● Raw data:
##########

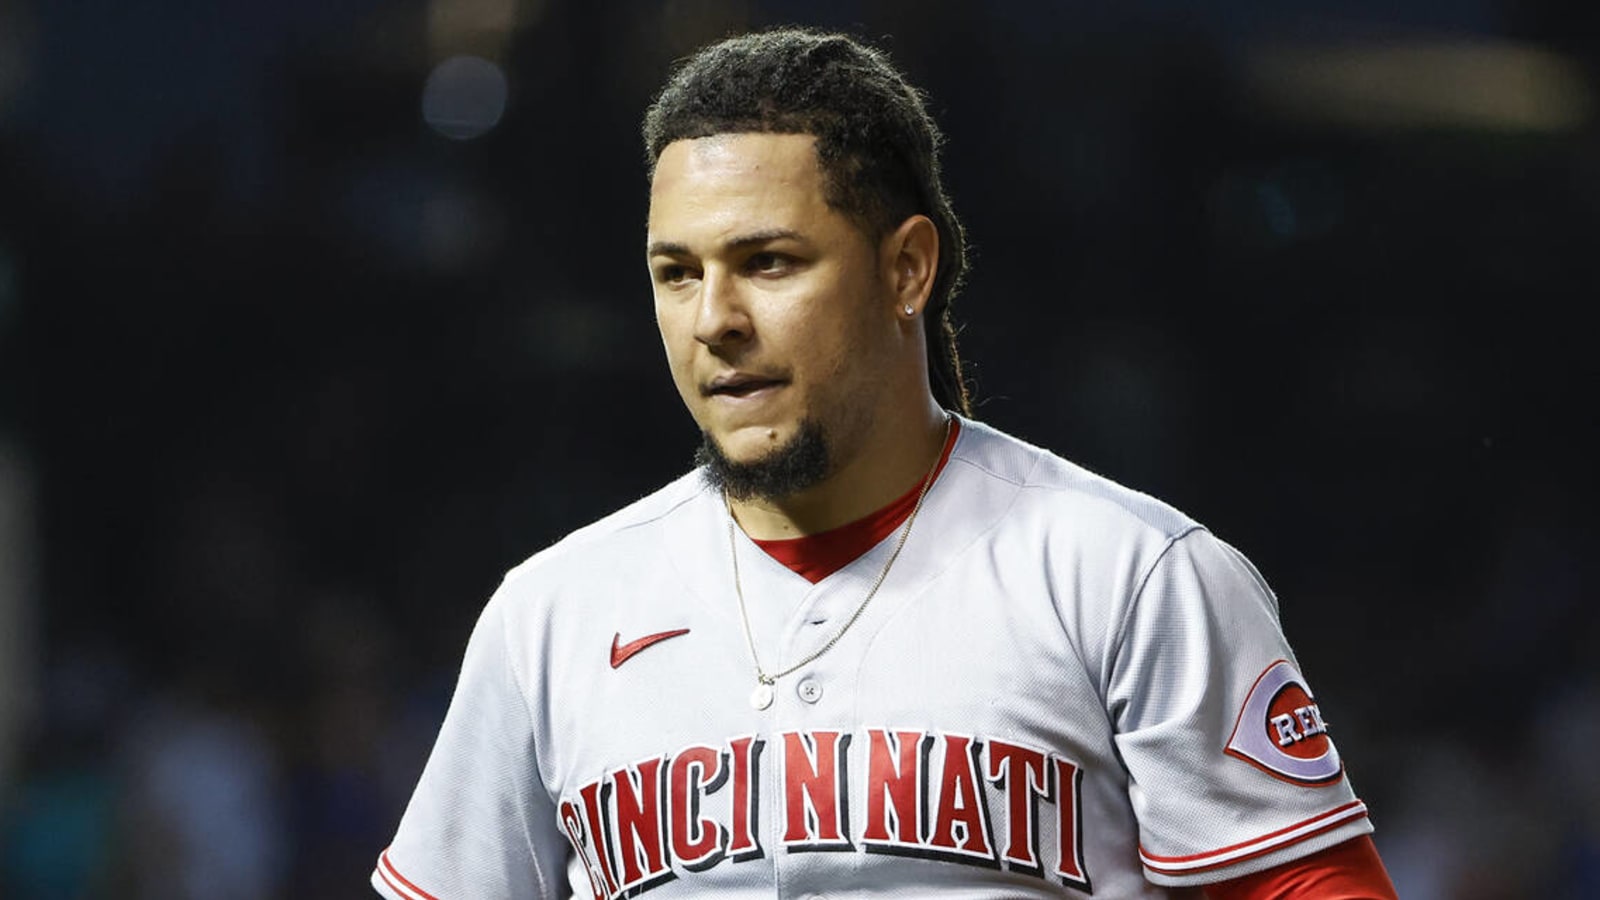 Mets reportedly could have serious competition from Dodgers for Luis Castillo
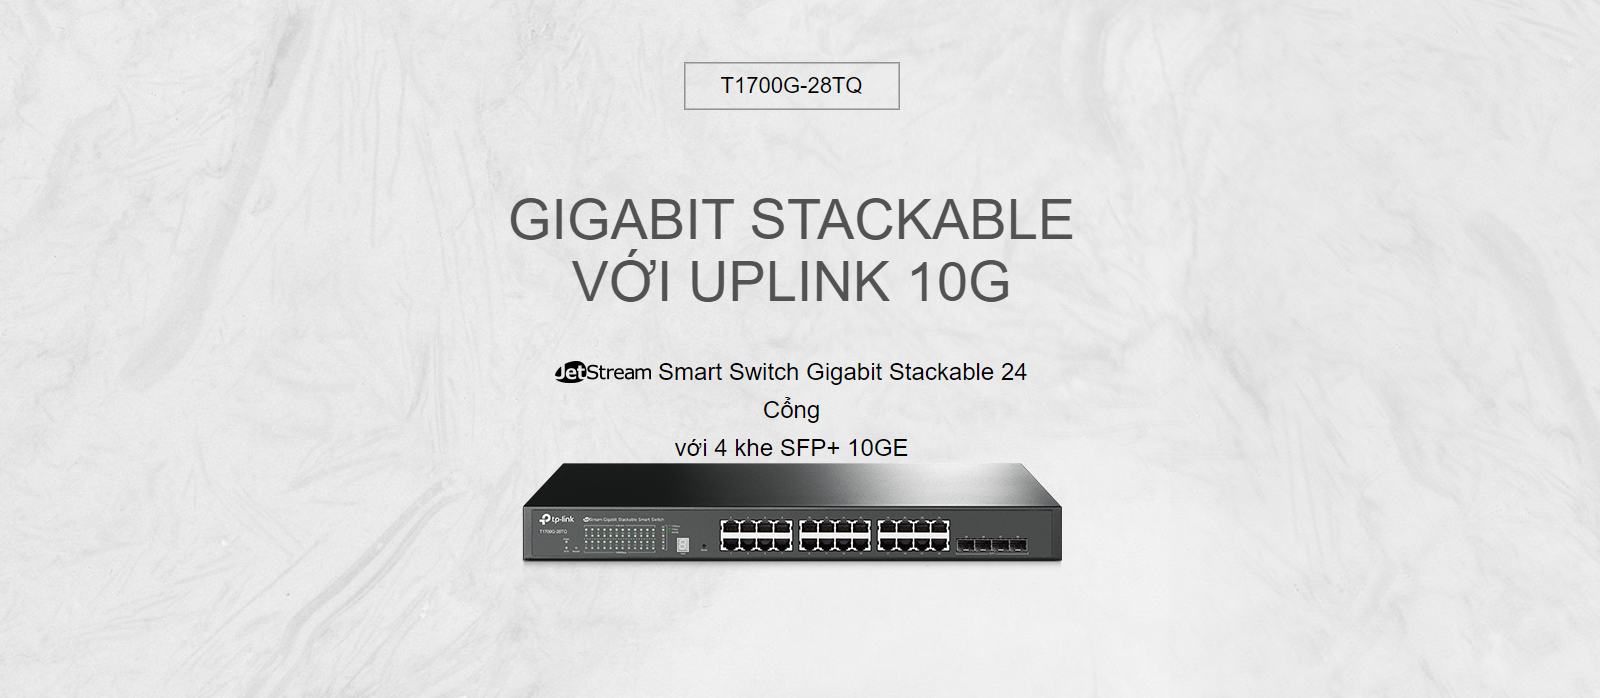 Switch TP-Link T1700G-28TQ JetStream 24-Port Gigabit Stackable Smart Switch with 4 10GE SFP+ Slots
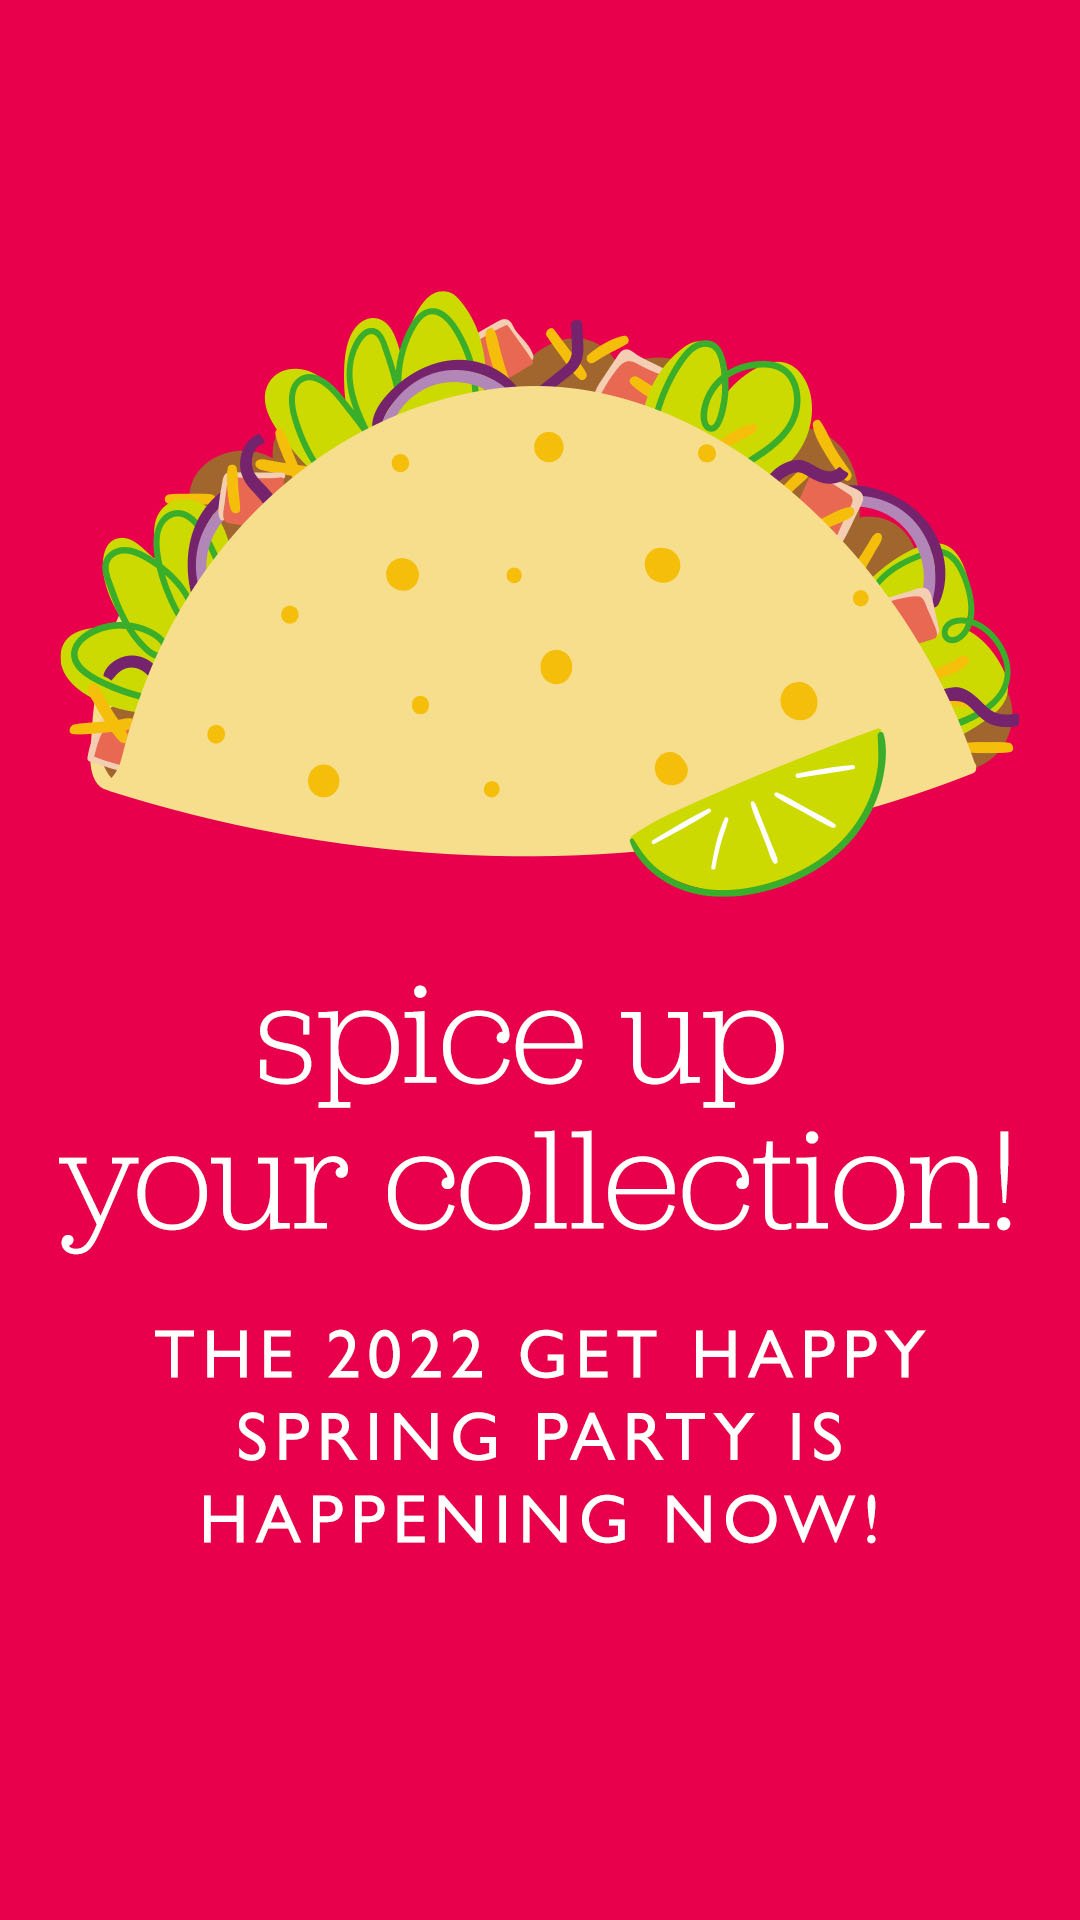 2022 - CAM - HEV_Organic Social_Story_Get Happy Spring Party Campaign_Promotion Details & Party Dates_Graphic 4_Evergreen.jpg

##########

● Task requirements:
Copy only this, please: the line with "Switch TP-Link T1700G-28TQ" and every line after it through the end of the data, with no pictures.

● Task output:
 Switch TP-Link T1700G-28TQ JetStream 24-Port Gigabit Stackable Smart Switch with 4 10GE SFP+ Slots
 2022 - CAM - HEV_Organic Social_Story_Get Happy Spring Party Campaign_Promotion Details & Party Dates_Graphic 4_Evergreen.jpg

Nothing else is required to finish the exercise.